▶ WORK INSTRUCTION: Every single entry needs to appear again exactly as given.

=== SOURCE RECORDS ===

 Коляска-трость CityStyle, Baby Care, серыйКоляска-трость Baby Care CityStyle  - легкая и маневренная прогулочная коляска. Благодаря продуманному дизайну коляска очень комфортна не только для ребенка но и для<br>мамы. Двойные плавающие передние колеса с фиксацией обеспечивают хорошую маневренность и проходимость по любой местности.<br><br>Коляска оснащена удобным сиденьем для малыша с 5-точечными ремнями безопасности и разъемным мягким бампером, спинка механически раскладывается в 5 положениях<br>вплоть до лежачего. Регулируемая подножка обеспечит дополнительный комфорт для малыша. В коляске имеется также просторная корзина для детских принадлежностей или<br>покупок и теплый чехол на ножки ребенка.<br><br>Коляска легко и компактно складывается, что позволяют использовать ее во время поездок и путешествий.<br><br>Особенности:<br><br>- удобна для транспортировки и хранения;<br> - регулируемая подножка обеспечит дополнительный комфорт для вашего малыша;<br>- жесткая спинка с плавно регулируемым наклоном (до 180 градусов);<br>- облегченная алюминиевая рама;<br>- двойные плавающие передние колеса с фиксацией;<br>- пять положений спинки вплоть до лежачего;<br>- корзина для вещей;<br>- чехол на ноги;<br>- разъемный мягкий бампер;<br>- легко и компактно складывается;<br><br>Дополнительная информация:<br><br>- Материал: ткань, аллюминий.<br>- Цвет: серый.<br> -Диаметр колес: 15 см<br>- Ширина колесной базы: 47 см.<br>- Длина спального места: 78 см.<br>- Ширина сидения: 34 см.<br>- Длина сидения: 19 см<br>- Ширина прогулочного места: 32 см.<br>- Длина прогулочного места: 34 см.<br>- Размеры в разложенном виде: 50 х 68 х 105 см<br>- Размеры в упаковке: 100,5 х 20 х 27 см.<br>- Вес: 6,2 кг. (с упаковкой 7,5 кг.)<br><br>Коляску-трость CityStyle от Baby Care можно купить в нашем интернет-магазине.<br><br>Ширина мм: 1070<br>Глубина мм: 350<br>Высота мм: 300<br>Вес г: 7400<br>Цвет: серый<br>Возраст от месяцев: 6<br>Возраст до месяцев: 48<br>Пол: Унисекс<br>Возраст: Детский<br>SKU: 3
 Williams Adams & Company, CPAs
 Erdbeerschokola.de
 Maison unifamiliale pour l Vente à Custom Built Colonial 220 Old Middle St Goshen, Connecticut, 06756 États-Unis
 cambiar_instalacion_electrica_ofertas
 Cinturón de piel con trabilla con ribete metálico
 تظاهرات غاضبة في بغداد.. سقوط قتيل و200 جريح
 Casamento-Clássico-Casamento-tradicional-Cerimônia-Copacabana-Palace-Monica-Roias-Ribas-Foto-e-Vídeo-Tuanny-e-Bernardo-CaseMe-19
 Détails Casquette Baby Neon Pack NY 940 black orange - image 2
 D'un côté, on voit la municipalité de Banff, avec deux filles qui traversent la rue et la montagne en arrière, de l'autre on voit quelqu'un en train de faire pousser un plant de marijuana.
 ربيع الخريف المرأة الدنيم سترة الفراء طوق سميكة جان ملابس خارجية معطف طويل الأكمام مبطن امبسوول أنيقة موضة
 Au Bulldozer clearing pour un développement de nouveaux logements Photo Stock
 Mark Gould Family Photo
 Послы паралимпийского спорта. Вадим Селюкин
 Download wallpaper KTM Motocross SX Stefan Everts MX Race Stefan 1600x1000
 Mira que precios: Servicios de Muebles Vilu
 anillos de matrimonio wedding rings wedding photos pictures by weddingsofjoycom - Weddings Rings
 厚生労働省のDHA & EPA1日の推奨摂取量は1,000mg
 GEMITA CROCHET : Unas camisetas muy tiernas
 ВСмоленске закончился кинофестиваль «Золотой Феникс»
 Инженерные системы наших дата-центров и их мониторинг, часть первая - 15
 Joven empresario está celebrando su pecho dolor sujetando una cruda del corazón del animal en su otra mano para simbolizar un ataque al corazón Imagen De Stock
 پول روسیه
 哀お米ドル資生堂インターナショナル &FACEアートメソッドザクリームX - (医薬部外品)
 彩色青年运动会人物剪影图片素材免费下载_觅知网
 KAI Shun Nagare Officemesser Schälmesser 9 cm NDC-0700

===

▶ ANSWER FOR THE TASK:
 Коляска-трость CityStyle, Baby Care, серыйКоляска-трость Baby Care CityStyle  - легкая и маневренная прогулочная коляска. Благодаря продуманному дизайну коляска очень комфортна не только для ребенка но и для<br>мамы. Двойные плавающие передние колеса с фиксацией обеспечивают хорошую маневренность и проходимость по любой местности.<br><br>Коляска оснащена удобным сиденьем для малыша с 5-точечными ремнями безопасности и разъемным мягким бампером, спинка механически раскладывается в 5 положениях<br>вплоть до лежачего. Регулируемая подножка обеспечит дополнительный комфорт для малыша. В коляске имеется также просторная корзина для детских принадлежностей или<br>покупок и теплый чехол на ножки ребенка.<br><br>Коляска легко и компактно складывается, что позволяют использовать ее во время поездок и путешествий.<br><br>Особенности:<br><br>- удобна для транспортировки и хранения;<br> - регулируемая подножка обеспечит дополнительный комфорт для вашего малыша;<br>- жесткая спинка с плавно регулируемым наклоном (до 180 градусов);<br>- облегченная алюминиевая рама;<br>- двойные плавающие передние колеса с фиксацией;<br>- пять положений спинки вплоть до лежачего;<br>- корзина для вещей;<br>- чехол на ноги;<br>- разъемный мягкий бампер;<br>- легко и компактно складывается;<br><br>Дополнительная информация:<br><br>- Материал: ткань, аллюминий.<br>- Цвет: серый.<br> -Диаметр колес: 15 см<br>- Ширина колесной базы: 47 см.<br>- Длина спального места: 78 см.<br>- Ширина сидения: 34 см.<br>- Длина сидения: 19 см<br>- Ширина прогулочного места: 32 см.<br>- Длина прогулочного места: 34 см.<br>- Размеры в разложенном виде: 50 х 68 х 105 см<br>- Размеры в упаковке: 100,5 х 20 х 27 см.<br>- Вес: 6,2 кг. (с упаковкой 7,5 кг.)<br><br>Коляску-трость CityStyle от Baby Care можно купить в нашем интернет-магазине.<br><br>Ширина мм: 1070<br>Глубина мм: 350<br>Высота мм: 300<br>Вес г: 7400<br>Цвет: серый<br>Возраст от месяцев: 6<br>Возраст до месяцев: 48<br>Пол: Унисекс<br>Возраст: Детский<br>SKU: 3
 Williams Adams & Company, CPAs
 Erdbeerschokola.de
 Maison unifamiliale pour l Vente à Custom Built Colonial 220 Old Middle St Goshen, Connecticut, 06756 États-Unis
 cambiar_instalacion_electrica_ofertas
 Cinturón de piel con trabilla con ribete metálico
 تظاهرات غاضبة في بغداد.. سقوط قتيل و200 جريح
 Casamento-Clássico-Casamento-tradicional-Cerimônia-Copacabana-Palace-Monica-Roias-Ribas-Foto-e-Vídeo-Tuanny-e-Bernardo-CaseMe-19
 Détails Casquette Baby Neon Pack NY 940 black orange - image 2
 D'un côté, on voit la municipalité de Banff, avec deux filles qui traversent la rue et la montagne en arrière, de l'autre on voit quelqu'un en train de faire pousser un plant de marijuana.
 ربيع الخريف المرأة الدنيم سترة الفراء طوق سميكة جان ملابس خارجية معطف طويل الأكمام مبطن امبسوول أنيقة موضة
 Au Bulldozer clearing pour un développement de nouveaux logements Photo Stock
 Mark Gould Family Photo
 Послы паралимпийского спорта. Вадим Селюкин
 Download wallpaper KTM Motocross SX Stefan Everts MX Race Stefan 1600x1000
 Mira que precios: Servicios de Muebles Vilu
 anillos de matrimonio wedding rings wedding photos pictures by weddingsofjoycom - Weddings Rings
 厚生労働省のDHA & EPA1日の推奨摂取量は1,000mg
 GEMITA CROCHET : Unas camisetas muy tiernas
 ВСмоленске закончился кинофестиваль «Золотой Феникс»
 Инженерные системы наших дата-центров и их мониторинг, часть первая - 15
 Joven empresario está celebrando su pecho dolor sujetando una cruda del corazón del animal en su otra mano para simbolizar un ataque al corazón Imagen De Stock
 پول روسیه
 哀お米ドル資生堂インターナショナル &FACEアートメソッドザクリームX - (医薬部外品)
 彩色青年运动会人物剪影图片素材免费下载_觅知网
 KAI Shun Nagare Officemesser Schälmesser 9 cm NDC-0700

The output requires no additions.